Elias nodded. "Dr. Alaric Davis. Age 45, married with two daughters, one is adopted, but there is nothing in her background that sets off any alarms. Even the wife is 'normal'. She works at the passport office, but even then, there is nothing in her background that would set off alarm bells. In fact, the only thing that would even tie him to Country M is his oldest daughter. She is living in Region C with her husband. He is military. Even more importantly, Dr. Davis is one of ours. But that's the part that bothers me. How did Orhan know he was here? That he's been working off-books for our biochemistry division?"
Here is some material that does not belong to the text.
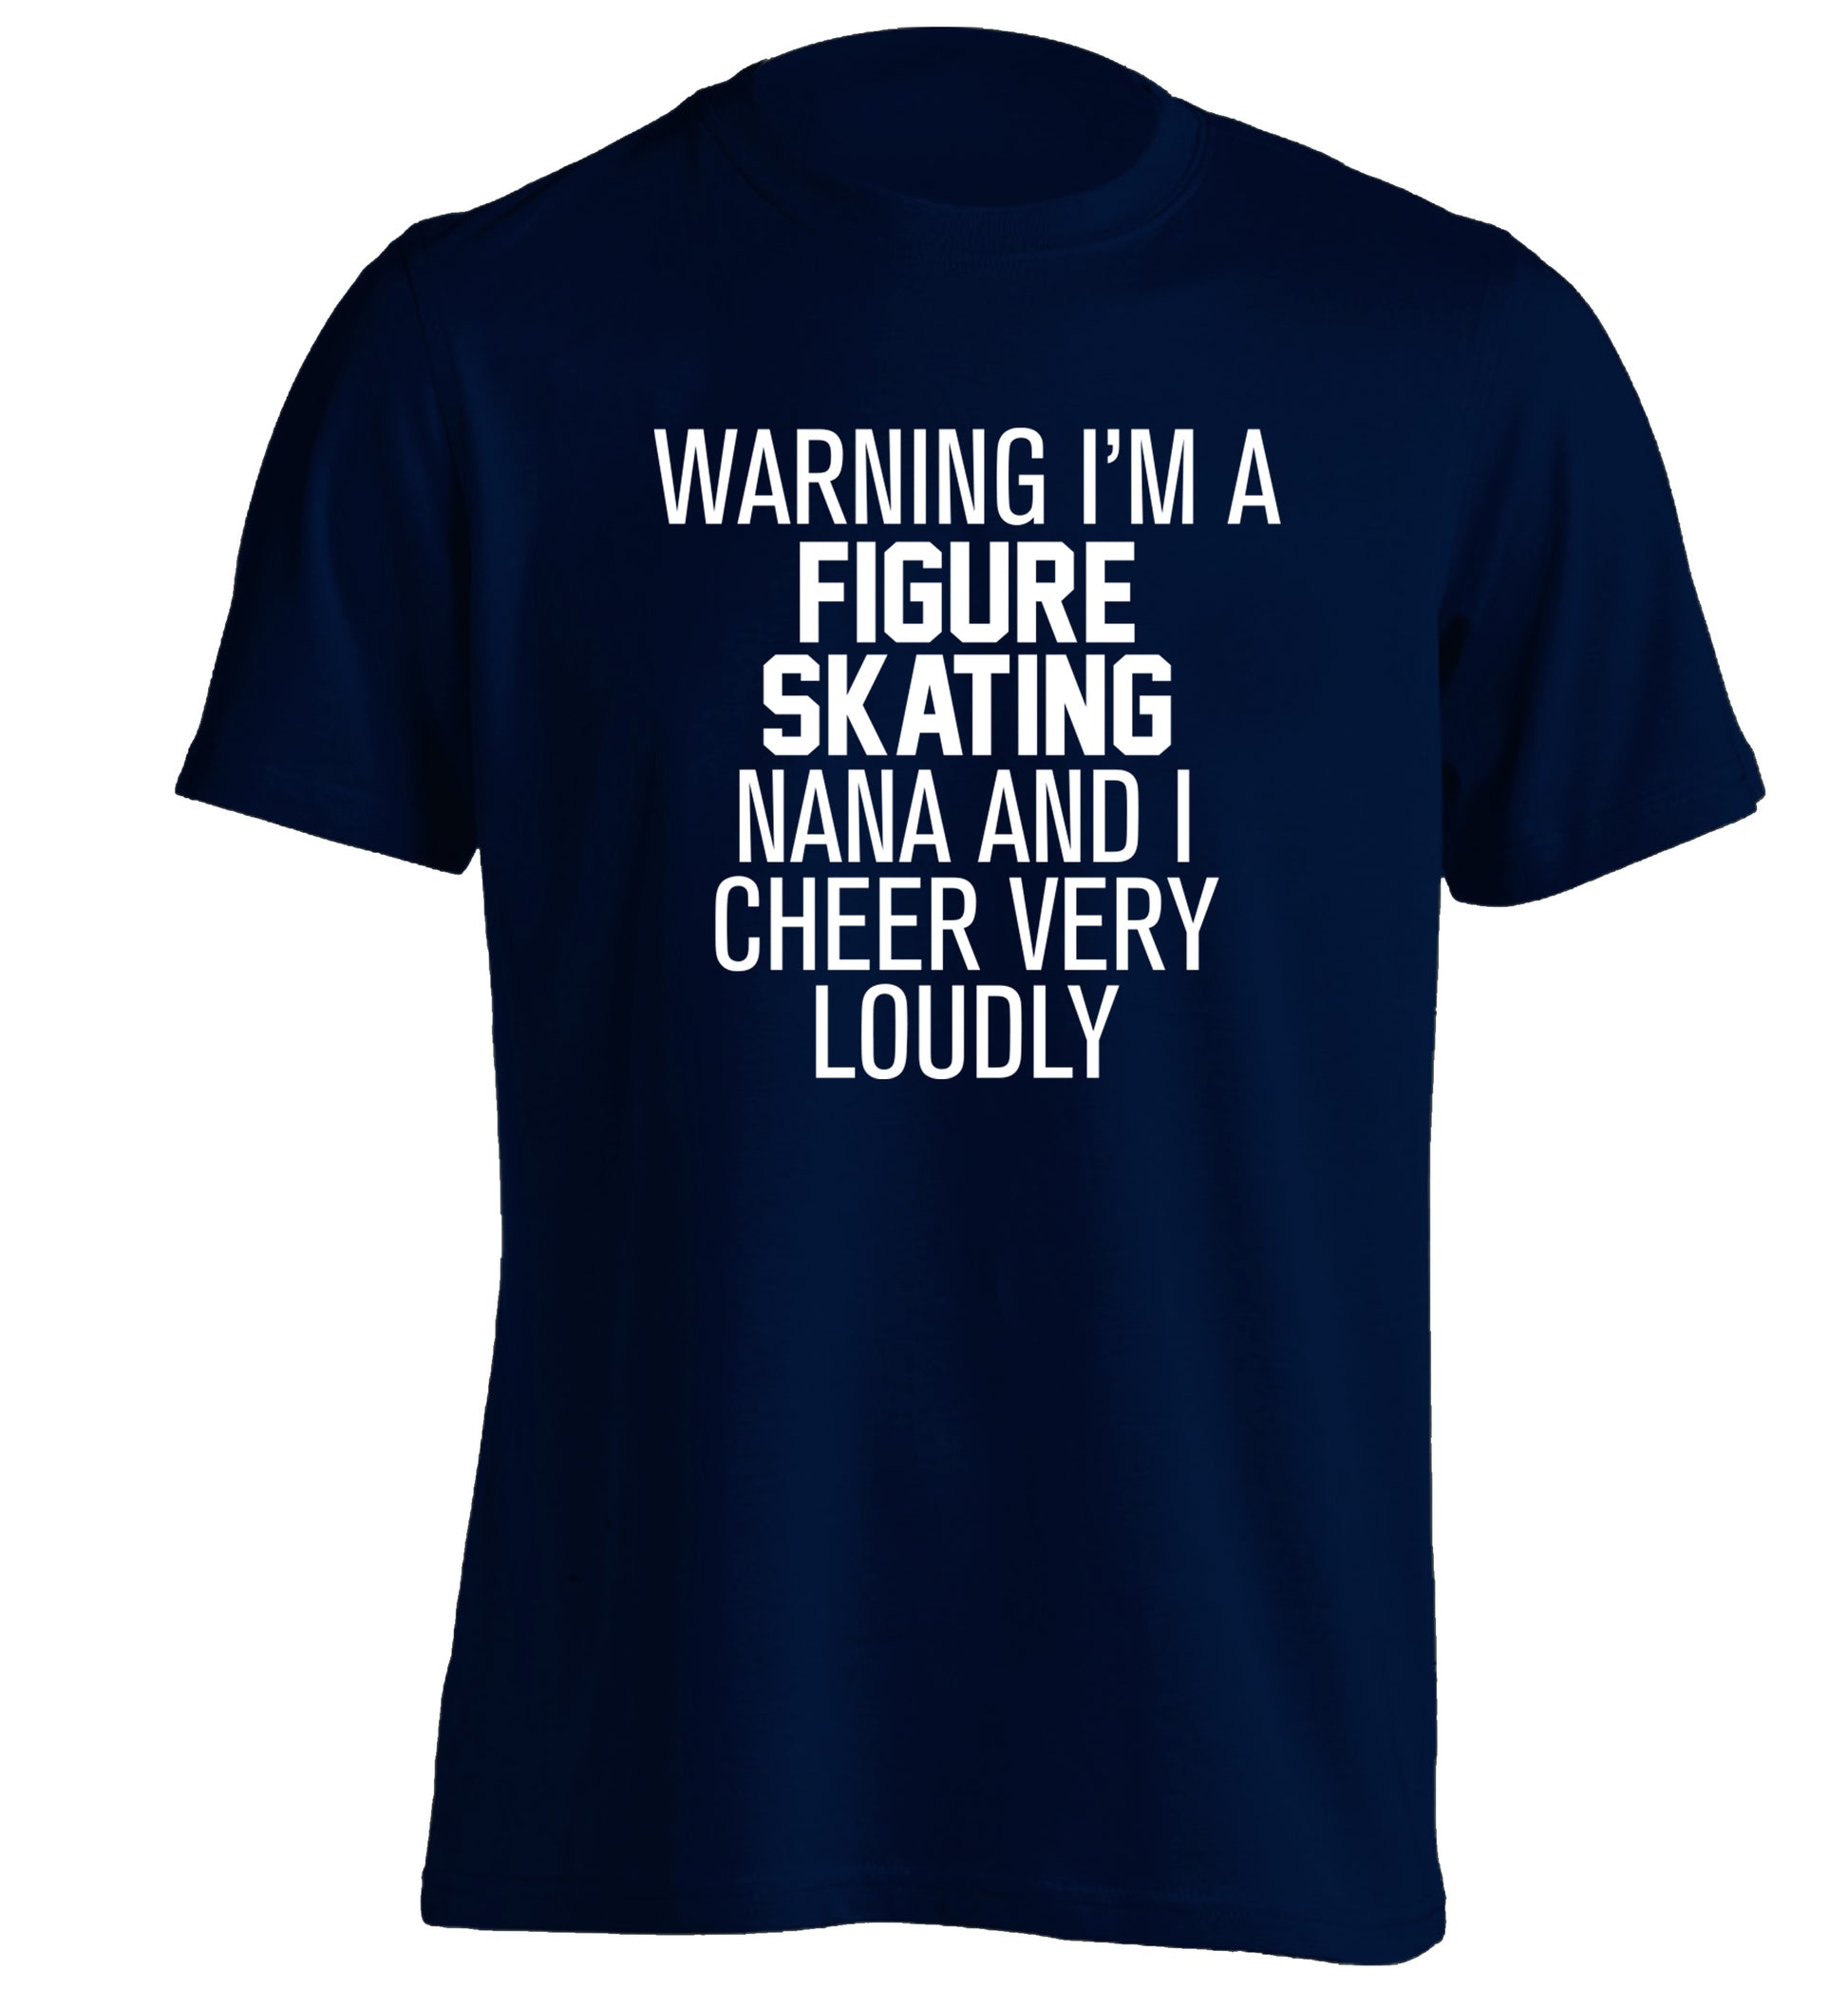 Warning I'm a figure skating nana and I cheer very loudly adults unisexnavy Tshirt 2XL

"Maybe she knew him before," Jules said. "He used to lecture in Istanbul, didn't he?"

 

"Only for one year. And that was over a decade ago."

 

"Then it's not a coincidence."

 

"No," Elias agreed. "None of this is."

 

He flicked open another dossier—a sealed personnel log tied to WRM-7. At the bottom, under the project leads, was another line:

 

"Suggested Contact: Dr. Alaric Davis. Country N. Originally rejected due to ethical objections."

 

Jules straightened. "She wanted him on the project?"

 

"She asked for him by name."

 

"So what now?" Jules asked. "We give her a lab and see what she does?"

 

"She's already made her offer. She claims to know how to stall the virus. Not to cure it, but simply stall it. It might buy us six months while she works on the rest. She wants a full facility, oversight rights, and security limited to outside the lab. No listening devices. No handlers in the room."

 

"She wants freedom."

 

"She wants control," Elias scoffed, his face blank as he looked up at where the woman sat on the other side of the glass.

 

Jules turned to the glass again. "And we're seriously considering it?"

 

"We don't have a choice," Elias admitted. "Country M designed WRM-7. We can't keep pretending it's just another strain of flu. It mutates too fast. It adapts. And the only reason why we've even held it off this long is because of the quarantine methods we used early on. But even those are no longer in use. It's only a matter of time before it goes through the entire population."

 

Commander Jules scoffed, but he didn't disagree with Elias' statement. Everyone knew that they were fighting the clock when it came to the infection spreading around the world.

 

"She knows what it's evolving into. And if even half of her report is real, we're screwed without her," sighed Elias, pinching the bridge of his nose.

 

Jules looked down again at the woman seated calmly at the table. "She could be lying."

 

"She probably is. But if she's only lying about half, then the other half might still save us."

 

A pause stretched between them, heavy with the weight of politics and war.

 

"Authorize a provisional lab," Jules said finally. "No external networks. Two guards posted. And give Alaric Davis a quiet escort down to Level Five. No records. No announcements."

 

"I'll notify the Director."

 

"No," Jules said, stepping back. "I'll do it myself. If this backfires, I want it on my head, not yours."

 

Elias said nothing. He only nodded, fingers still ghosting the edge of the glass.

 

Below, Dr. Leyla Orhan uncrossed her legs and folded her hands again, staring directly at the window above her, as if she knew exactly where they were standing.